Bei der Vestibularisparoxysmie kommt es selten – ähnlich wie beim Morbus Menière – zu einer Hörminderung sowie einem Tinnitus während der Attacken, die jedoch signifikant kürzer sind als beim Morbus Menière.

Ein 40-jähriger Mann wird wegen eines seit mehreren Tagen bestehenden Drehschwindels mit begleitenden Hörstörungen vorstellig und berichtet, dass die Symptomatik im direkten Anschluss an das Heben eines schweren Gegenstandes aufgetreten sei. Welche Differenzialdiagnose kommt am ehesten infrage?
Antwort:

Hier handelt es sich am ehesten um eine spontane Perilymphfistel.

Kommentar:

Perilymphfisteln entstehen durch die pathologische Verbindung des Perilymphraumes mit dem Mittelohr. Ursächlich sind meist traumatische Druckbelastungen, ein Barotrauma, Schädeltrauma oder Ohrtraumata. Die Therapie ist zunächst konservativ, da sich die meisten Fisteln wieder spontan schließen. Operative Verschlüsse sind nur selten notwendig.

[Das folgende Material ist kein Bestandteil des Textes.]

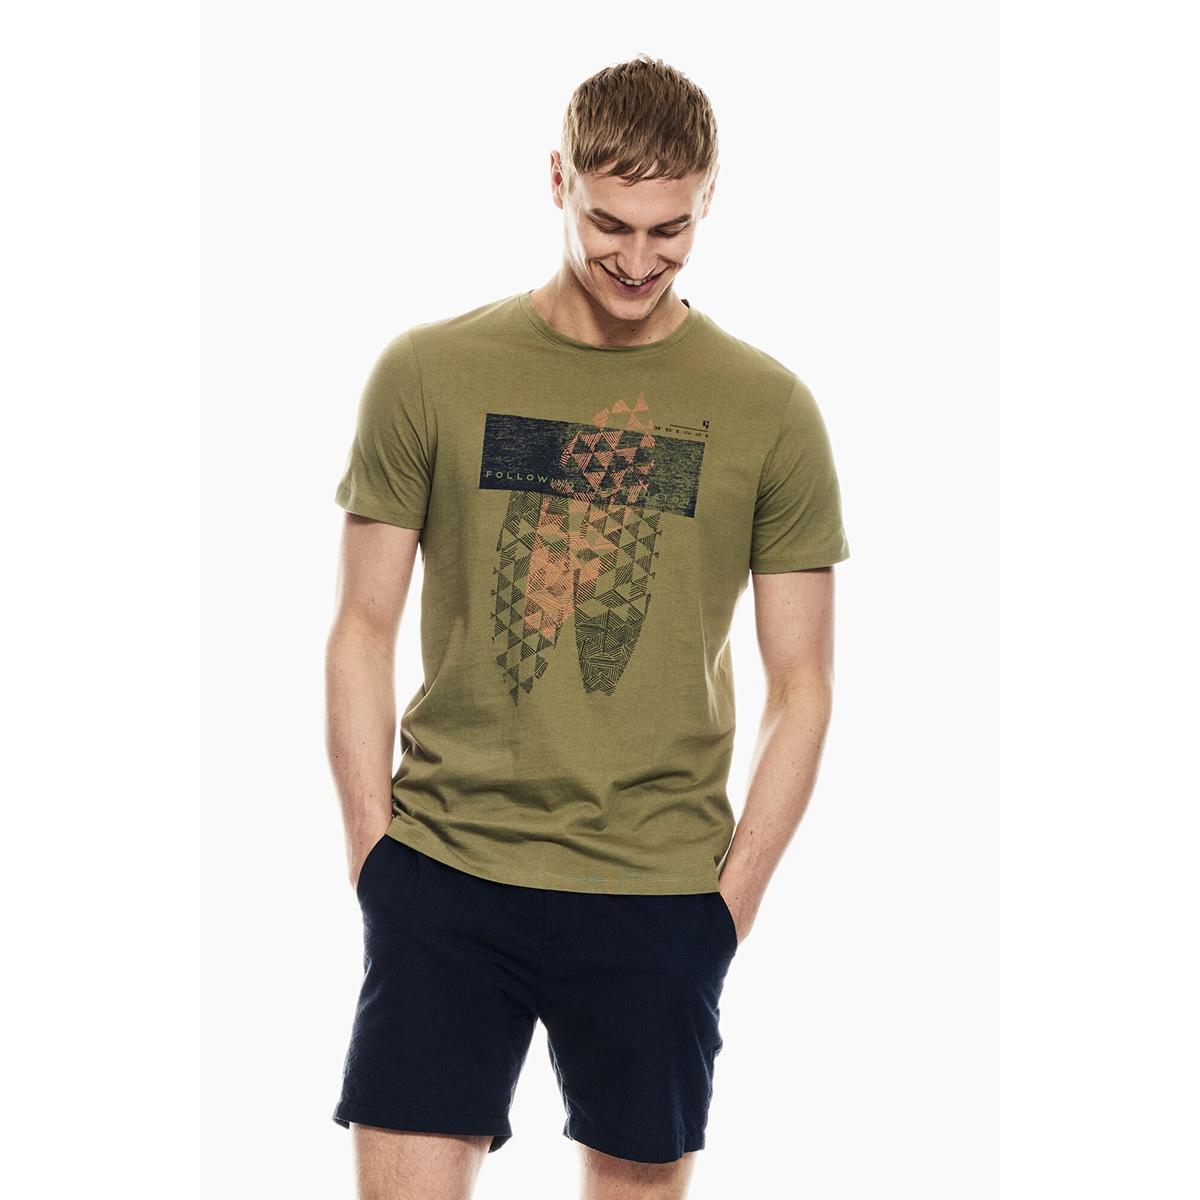 t shirt met opdruk p01201 garcia t-shirt 1805 washed army

Welcher Nystagmus lässt sich ausschließlich bei zentralen Läsionen finden?
Antwort:

Ein Downbeatoder Upbeat-Nystagmus.

Kommentar:

Der Downbeat-Nystagmus, bei dem die schnellen Bewegungen nach unten gerichtet sind, ist in der Regel mit zerebellären Läsionen vergesellschaftet.

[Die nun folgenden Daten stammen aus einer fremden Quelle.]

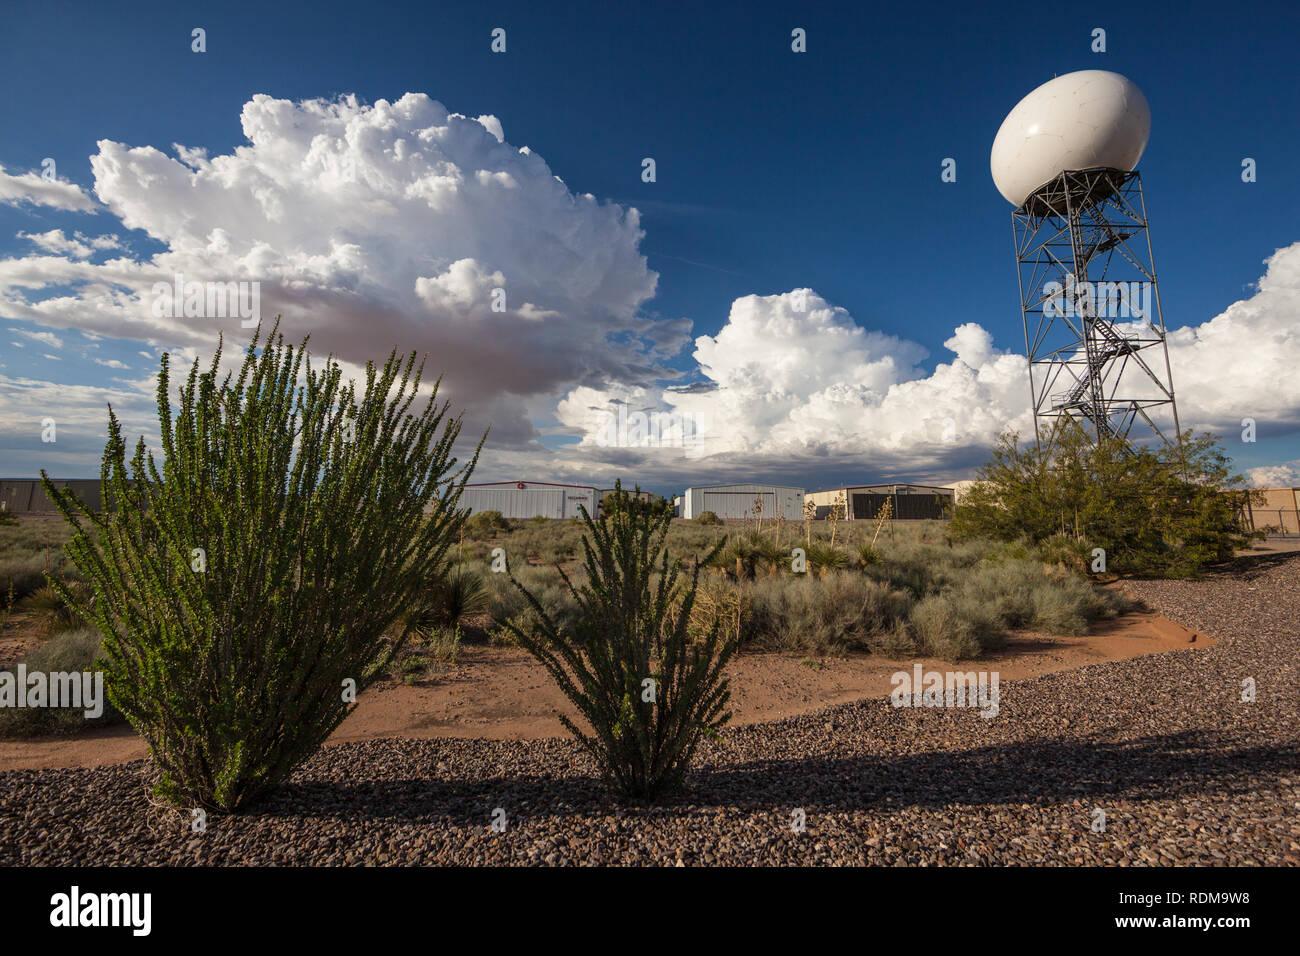 Weather Radar Tower Stock Photos & Weather Radar Tower Stock Images

Was versteht man unter einer Tumarkin-Otolithenkrise?
Antwort:

Ähnlich den Drop Attacks bei vertebrobasilären Ischämien kommt es plötzlich zu rezidivierenden Stürzen in Verbindung mit spontan einsetzendem Drehschwindel, ohne dass bestimmte Auslöser oder Bewusstseinsstörungen vorliegen. Ursächlich sind Sacculus oder Utriculus-Reizungen durch endolymphatische Druckschwankungen.

Kommentar:

Die Behandlung erfolgt zunächst konservativ, da die Prognose in den meisten Fällen gut ist. Bei fehlender Rückbildung kann eine intratympanale Gentamicin-Behandlung diskutiert werden. Bei absoluter Therapieresistenz kommt auch eine operative Labyrinthektomie infrage.